Twenty-one Norwegian salmon farmers, including Mowi, Lerøy and Austevoll, have filed a class action suit against the Norwegian Ministry of Trade, Industry, and Fisheries demanding an end to the “traffic light” system which Norway uses to monitor sea lice in aquaculture.
That system, which was put in place in 2017, divides Norway’s coastal waters into 13 production areas which can be classified by green, yellow, or red “lights” based on the risk of sea lice to wild salmon in the area.
In April 2025 Norwegian Minister of Fisheries and Oceans Marianne Siversten Næss published a whitepaper with proposals to revise the system in a way that would tie a farm’s allowable biomass to the prevalence of sea lice at its site – and thus to the potential risk its farming operation pose to wild salmon.
“We want the release of sea lice to have a direct cost for the farmers. In this way, it will become more profitable to operate with a low environmental impact. This will provide more accurate regulation of the industry,” Næss said at the time.
In June, however, the Norwegian Parliament, which is called the Storting, put the plan on hold, suggesting a number of recommendations including that the plan required more “technical and biological basis for assessing environmental impact, including monitoring of sea lice, wild fish and fish welfare, using new technology and automated data collection.”
Now, according to Norwegian publication Bergensavisen, western Norway’s salmon farmers have entered a new legal challenge to the traffic light system, and in particular to the red lights that were set for their region in 2022 and 2024.
According to Bergensavisen, the lawyer representing the companies, Trond Hatland, said the system had cost the region’s farmer’s “extensive [financial] loss” by requiring a 12-18 percent drop in production capacity.
He also said that companies could not act strategically or competitively if they did not know what their future production capacity would be, noting that sometimes governmental decisions about biomass maximum changes have happened within six months of being implemented, meaning that farmers had to slaughter fish prematurely due to the time it takes salmon to reach harvest size.
In 2021 a group of 25 salmon farming operations lost their suit against the government for NOK 250 million (then USD 29 million, EUR 24 million) in compensation for lost production volumes.
The farmers claimed that an area which had been labelled “red,” requiring them to lower production volumes, was incorrectly identified.
The Court of Appeals which heard the case disagreed, ordering the salmon farmers to pay the state’s legal costs of NOK 1.8 million (then USD 2213,462, EUR 178,816).
Fisheries Ministry lawyer Kaija Bjelland told Bergensavisen that “nothing has come to light” which would suggest that the current legal test will end differently.

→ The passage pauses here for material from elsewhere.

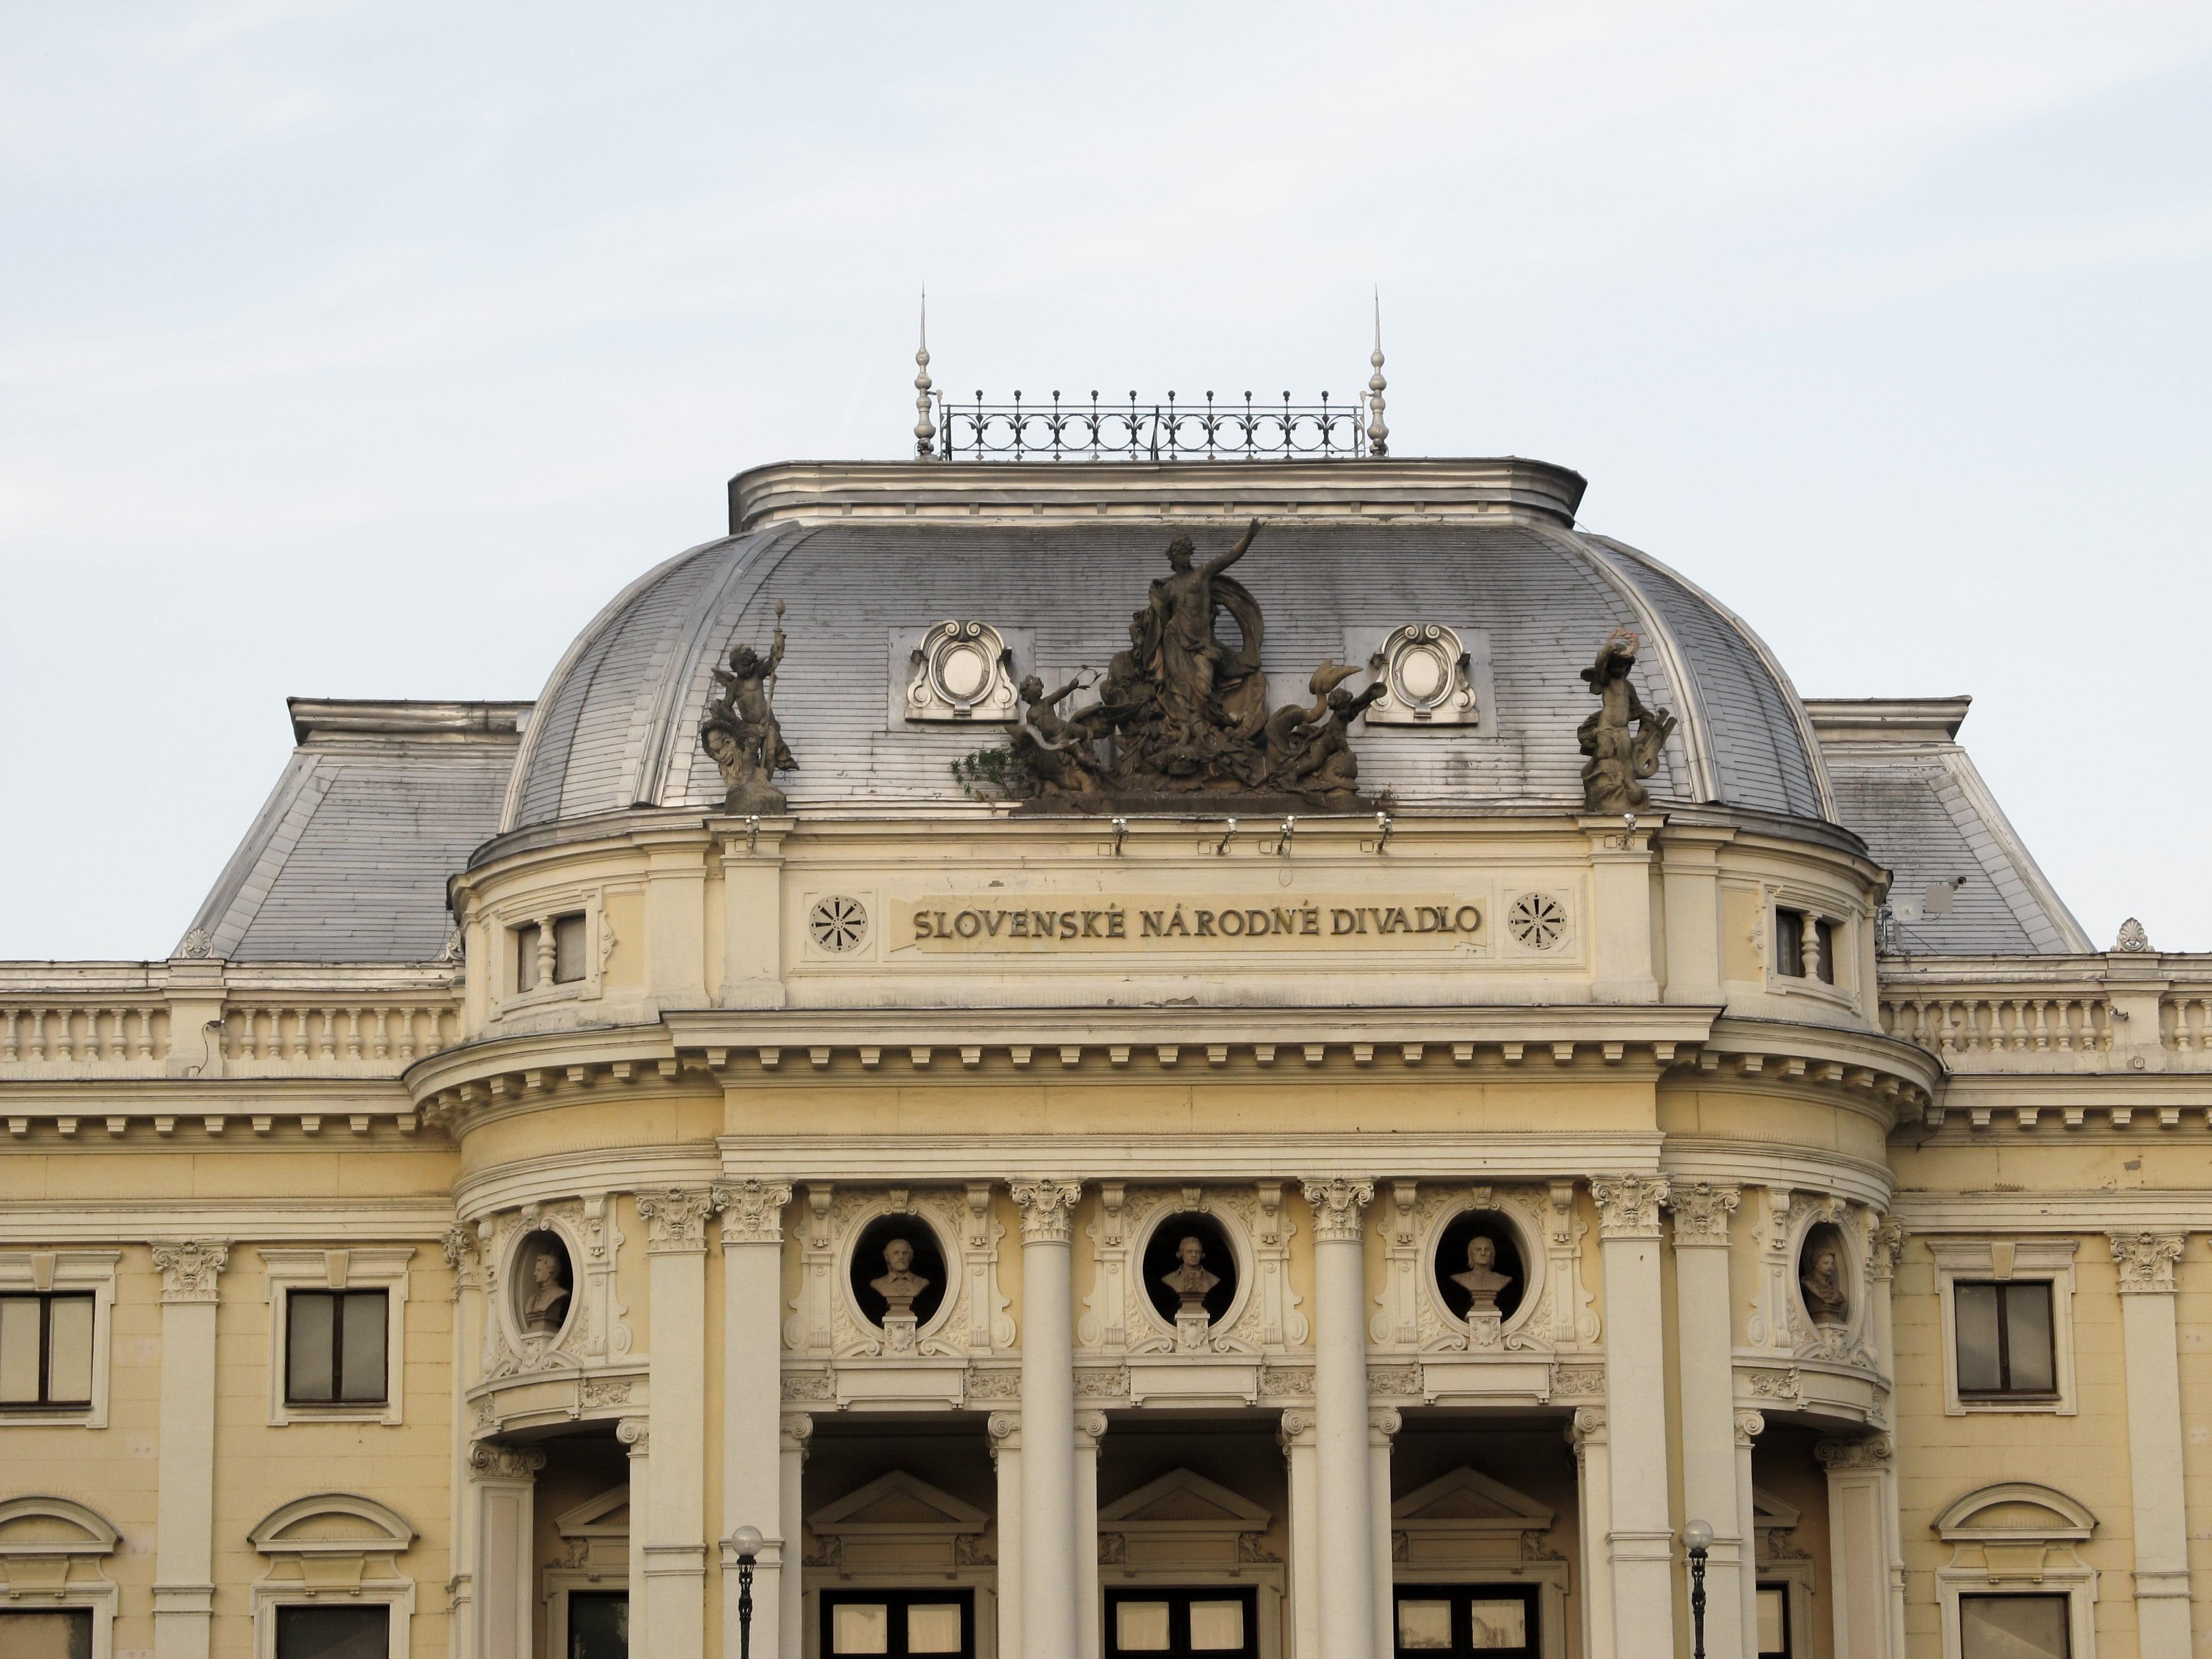 Découvrez mon programme pour visiter en une journée Bratislava, la pittoresque capitale slovaque.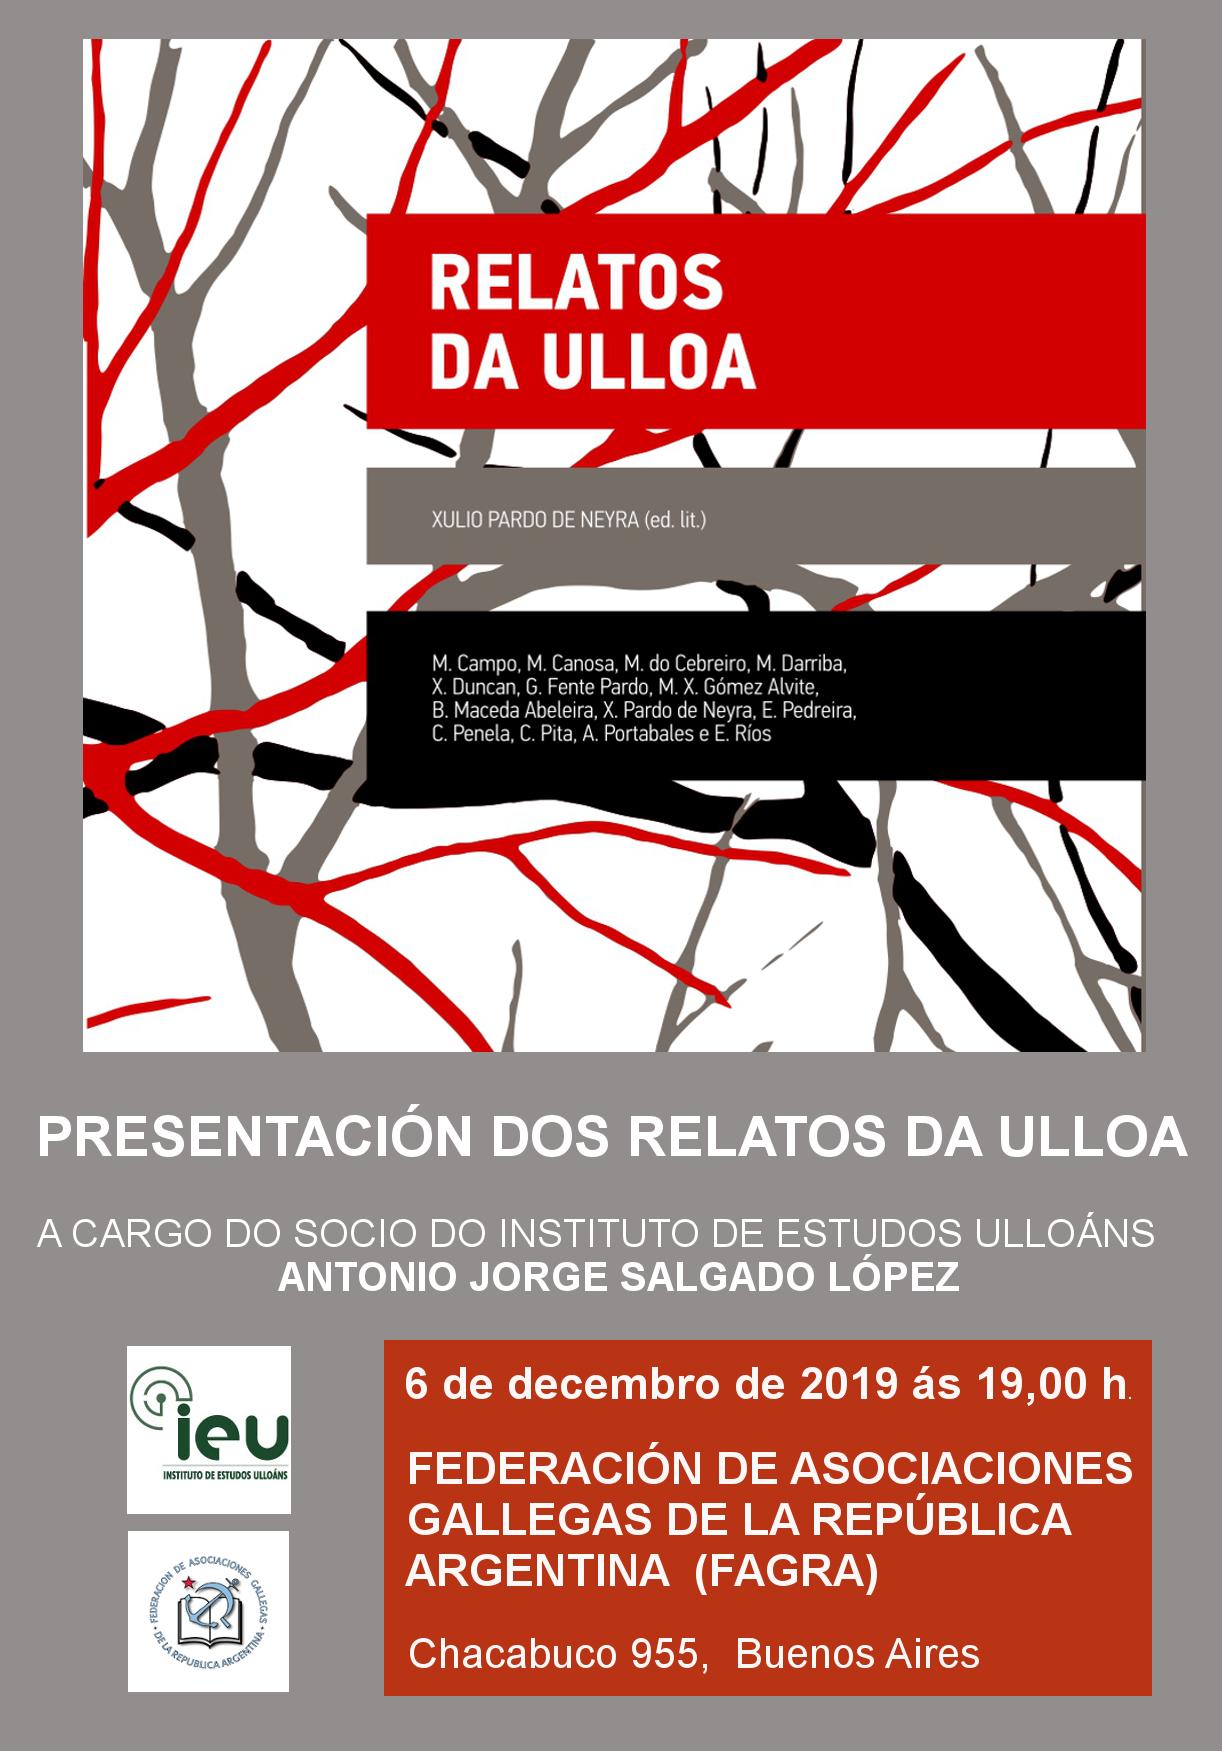 Presentación Relatos Ulloa en Buenos Aires, IEU, Instituto de Estudos Ulloáns

“The central question in the traffic light cases is whether it is likely that more than 30 percent of the wild salmon population in an area will die as a result of lice infection. This has been carefully assessed by a group of researchers with special expertise in salmon and salmon lice,” Bjelland said.
Hatland, by contrast, said new research has called the state’s conclusions about sea lice and wild salmon mortality into question.
The lawsuit will be heard at the Hordaland District Court in fall 2026.